Penso col cappello verde
Dieci marzo duemila venti. Stop.
Finito di correre, di agitare ogni cosa per farla ‘fruttare’. Credo stia accadendo il momento che mai avremo immaginato. Mi sono detta un sacco di volte che avrei dovuto rallentare. Ci ho provato sul serio e mi sono persino licenziata da un lavoro sicuro per preservarmi. Ho abbracciato il cahos per cambiare, ma mi sono ritrovata quasi più invischiata di prima.
Dovevo frenare di nuovo. Ci ha pensato un virus a fermarmi, a fermarci tutti. Metafora ovviamente. Specifico, perché di questi tempi non si sa mai. Sto benissimo e continuerò a stare bene e a fare un sacco di cose belle, senza farle per forza fruttare. Ci sarà una grande ripresa e cavalcheremo l’onda del successo! Questo è l’atteggiamento giusto per stimolare le endorfine e attivare la chimica del benessere per rafforzare gli anticorpi.
Ora tutti a casa! E’ arrivata la risposta a una concentrazione di pensieri uguali.
E’ ora di raccogliere l’oro che ci troviamo tra le mani.
E’ ora di imparare a muoverci e di apprezzare quelle cose che ‘ora’ ci sono inibite.
E’ tempo di reazione. Poiché sono convinta che tutto è presente e nel presente la paura non funziona.
E’ tempo di riscoprire il senso di collettività che (dai, siamo sinceri) abbiamo perso!

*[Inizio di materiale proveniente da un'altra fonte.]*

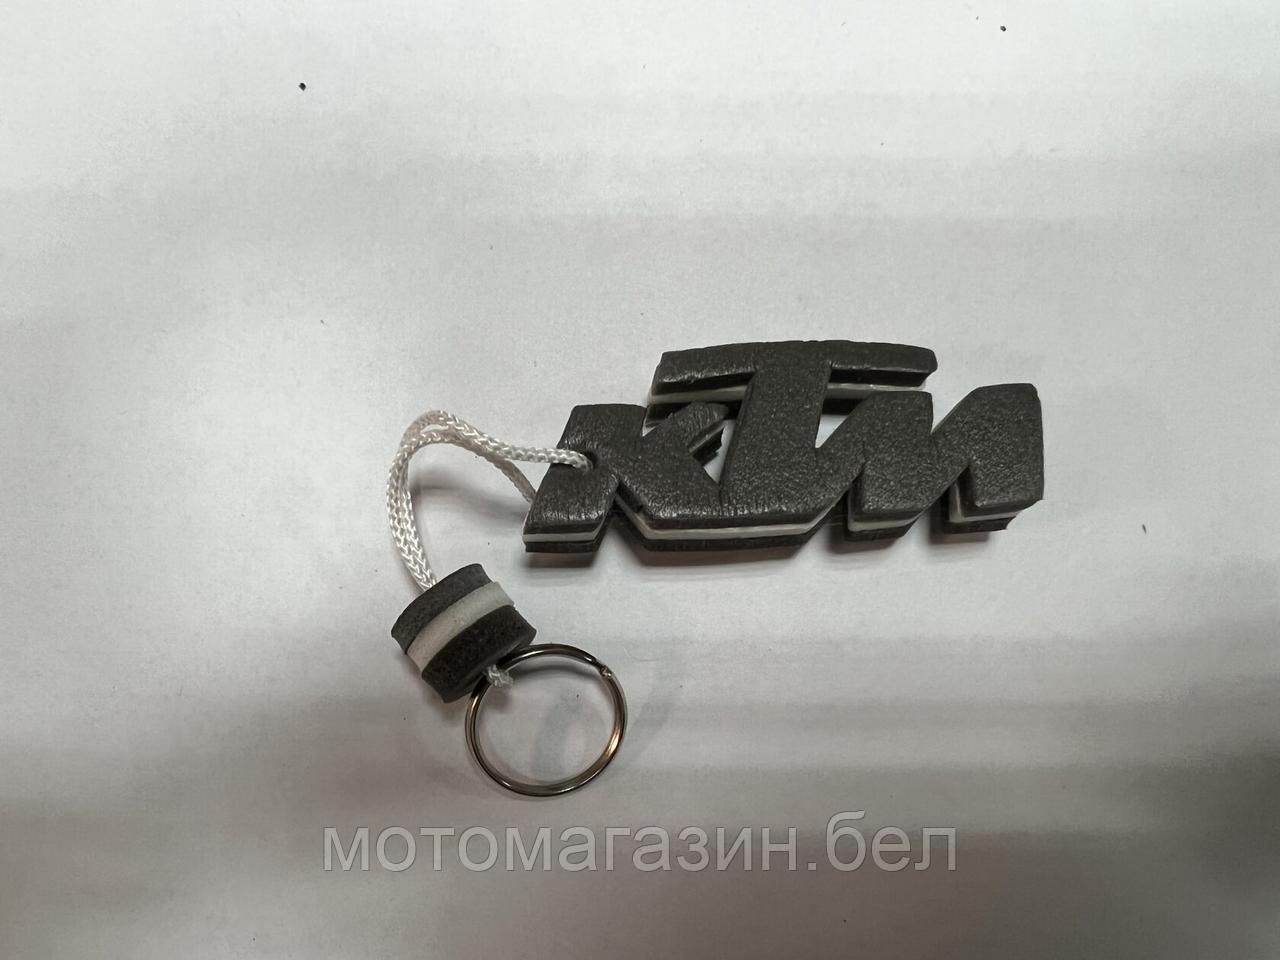 Брелок KTM "SALO" (каучук, белый)

Si sta male da soli, costretti a essere isolati! Non poter condividere emozioni, gioie, pensieri, è drammatico!
Ora però è tempo di riscoprire che con una telefonata o una video chiamata, si può vivere l’emozione.
E’ ora di riaprire i bauli dei giochi o delle foto, di tornare a scrivere il diario (io ne ho tre da sempre. Non ho mai smesso di scrivere su almeno tre universi vergini alla volta).

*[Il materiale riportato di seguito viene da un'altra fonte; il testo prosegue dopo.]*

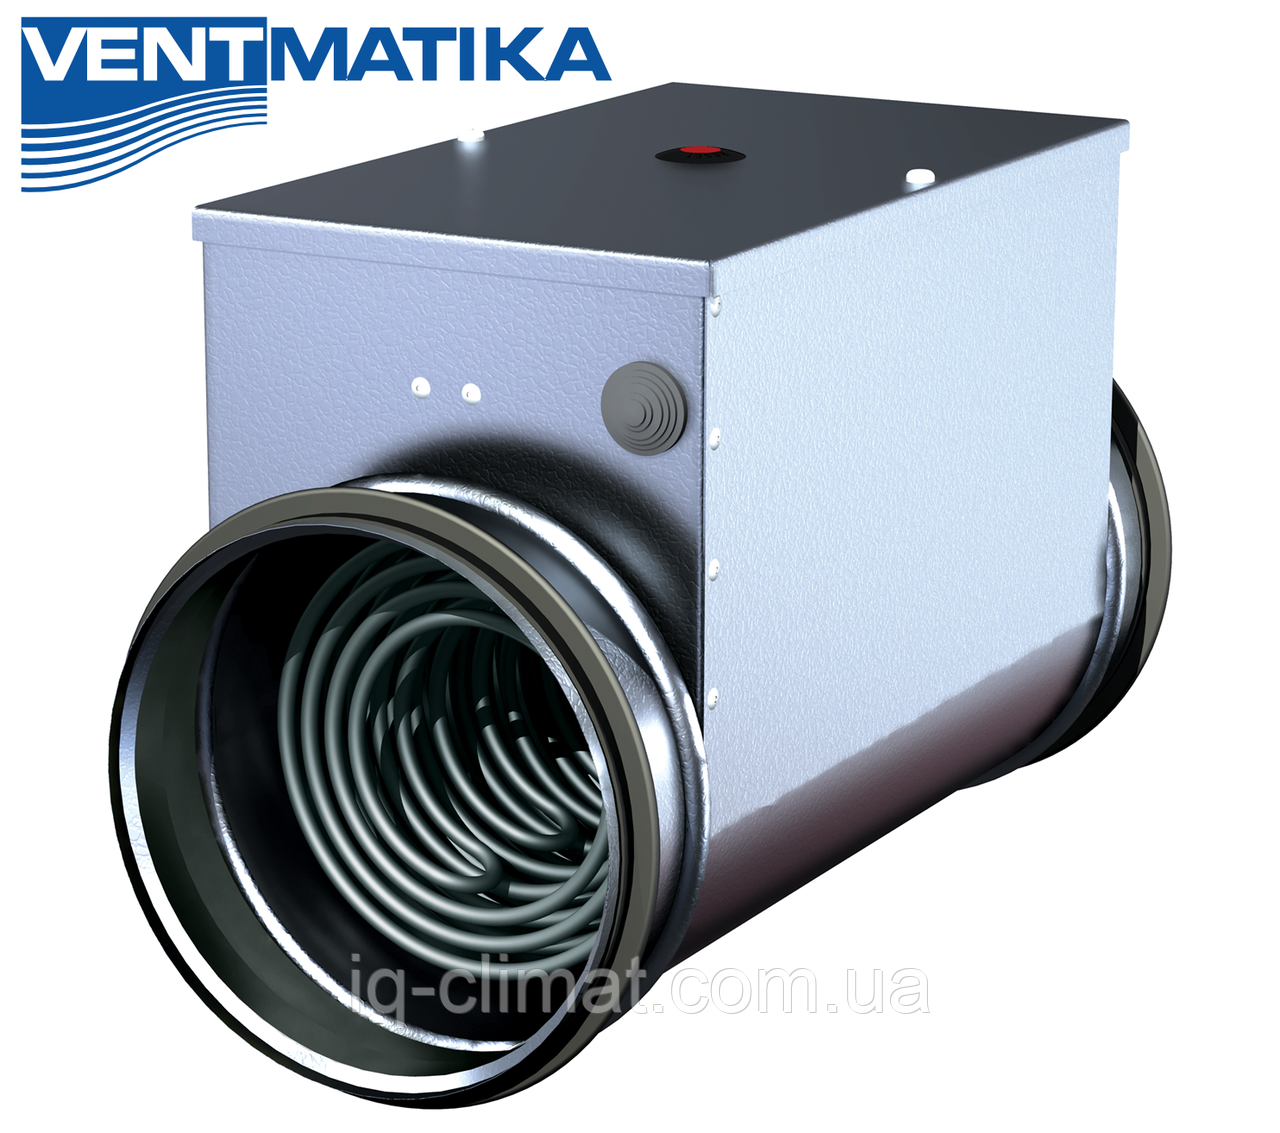 EKA 250-6,0-1f нагрівач електричний круглий 250мм 6,0кВт 230В (Ventmatika, Литва)

E’ ora di leggere i libri impilati sul comò.
E’ ora di guardare di più il cielo e di spostare le nuvole. Di trovare un nostro centro diverso da quello dell’altro ieri. Niente baci o abbracci, ma parole misurate al posto giusto e al momento giusto e non vomitate addosso o sputate sul web. Mettetevi la mascherina per cortesia, ma non per proteggervi dal covis 19, perché ora dovete stare a casa, ma per non rigurgitare corbellerie.

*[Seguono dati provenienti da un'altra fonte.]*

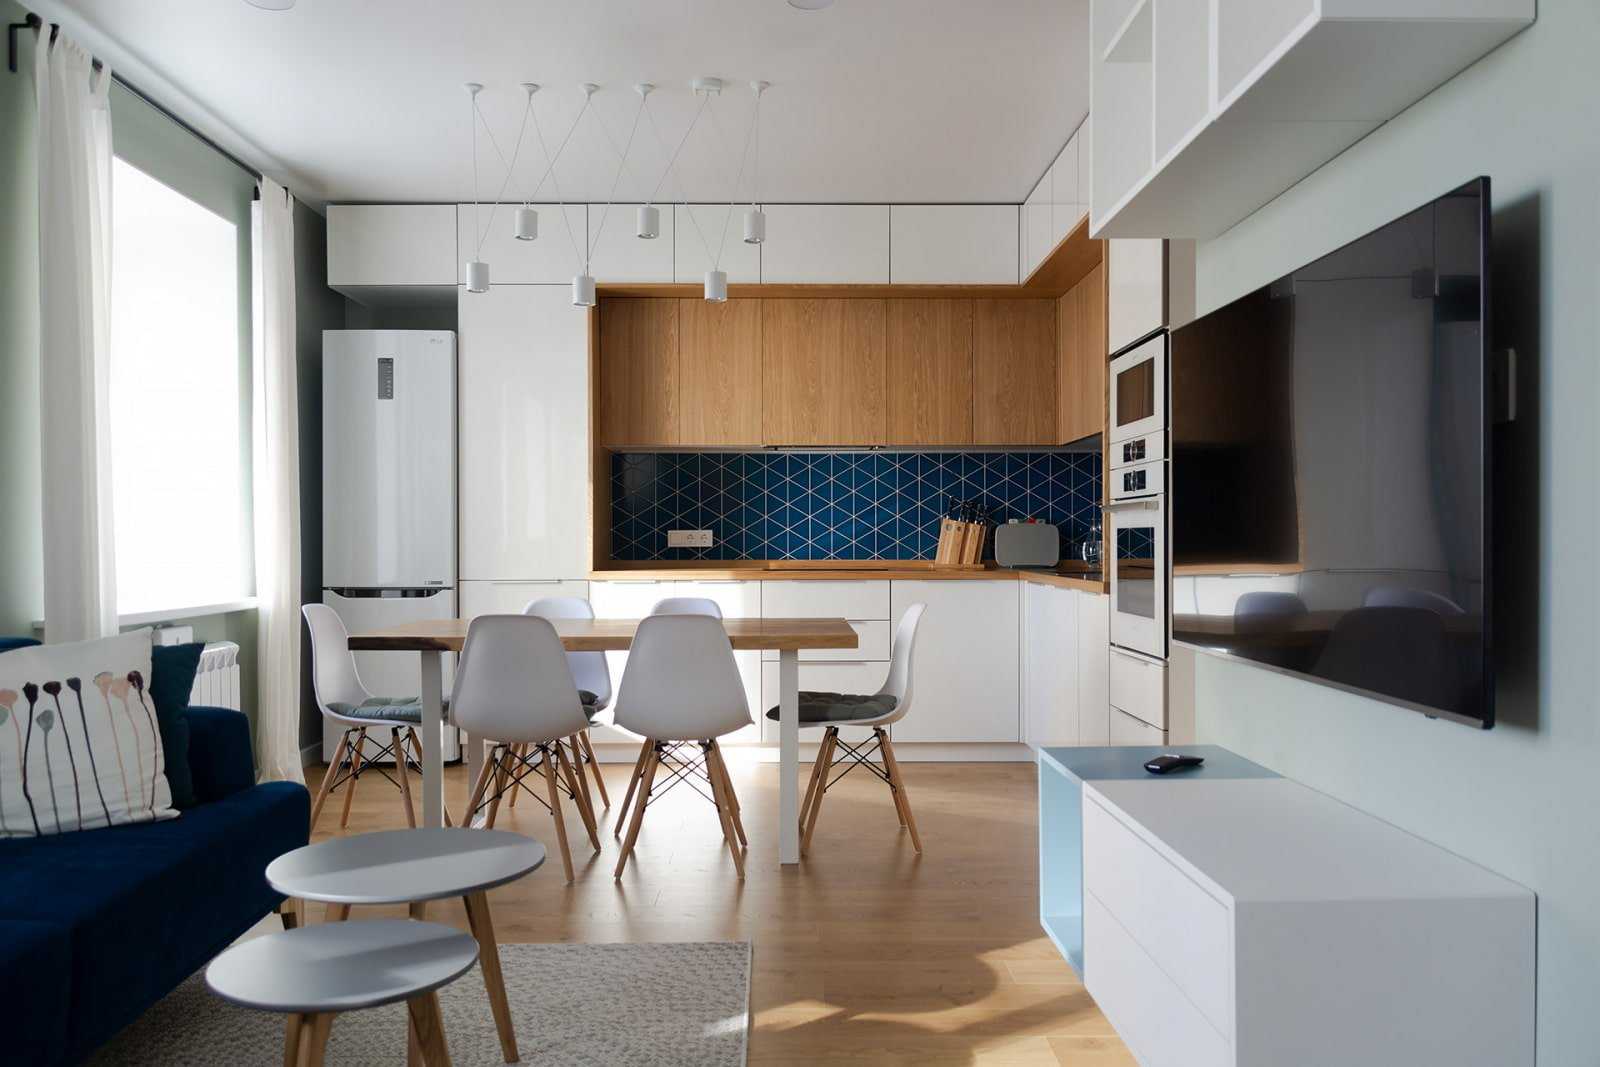 Кухнягостиная 22 кв м дизайн, фото всей комнаты Выбор подходящего стиля и способы зонирования пространства в кухнегостиной Советы дизайнеров по созданию интерьера

E’ ora di capire quanto sia pesante non poter stringere una mano, non potersi avvicinare a chi si ama per proteggerli dal nemico.
Ora, un metro di distanza è una forzata linea di confine che mi allontana dal mio prossimo.
Non vi dà fastidio dover parlare a un metro di distanza dalle persone? A me no, perché la mia voce è impostata da palcoscenico per cui il mio diaframma spinge un po’ di più, ma mi sentono forte e chiaro anche se fossero tre, i metri di distanza.
Ora impareremo a stare più attenti. Domani, quando tutto sarà quieto, non saremo più come prima.
Ora abbiamo capito quanto siamo fragili, quanto legati ad abitudini malsane, quanto male ci stiamo facendo. Lo so che è più comodo essere pessimisti. Rassegnarsi a dare la colpa agli altri.
Qui e ora, paghiamo tutti e non si tratta di chi più o chi meno. Si tratta che siamo tanti, che siamo irragionevoli, che dobbiamo cambiare. Quindi, a chi l’ha presa drammaticamente e per paura di morire di fame, vola all’accaparramento dei viveri e dei farmaci dico: smuoviti dal tuo torpore, dal tuo letargo, esci dalla caverna uomo e CAMBIA destinazione. Agire è l’unico rimedio alla paura. “Nel qui e ora, la paura non esiste, perché arriva quando si pensa al passato o supponendo scenari futuri che non hanno certezza comprovata di accadere. Dobbiamo rimanere carichi di risorse e, nell’attesa che l’inverno finisca, prepararci per l’arrivo della nuova stagione. Alleniamoci per mettere in campo nuove abitudini, decidiamo di abbracciare il cahos. Usciamo dalla zona di benessere (comoda per molti) in cui siamo stati ancorati fino a qualche giorno fa e ci ritroveremo in uno status quo più alto, in un mondo straordinario dove potremo mettere a fuoco nuove competenze e nuove proposte”. Cito l’esortazione che Nicola Zema, il coach dello sblocco, ha rilasciato su youtube. A presto e vi racconterò una storia interessante.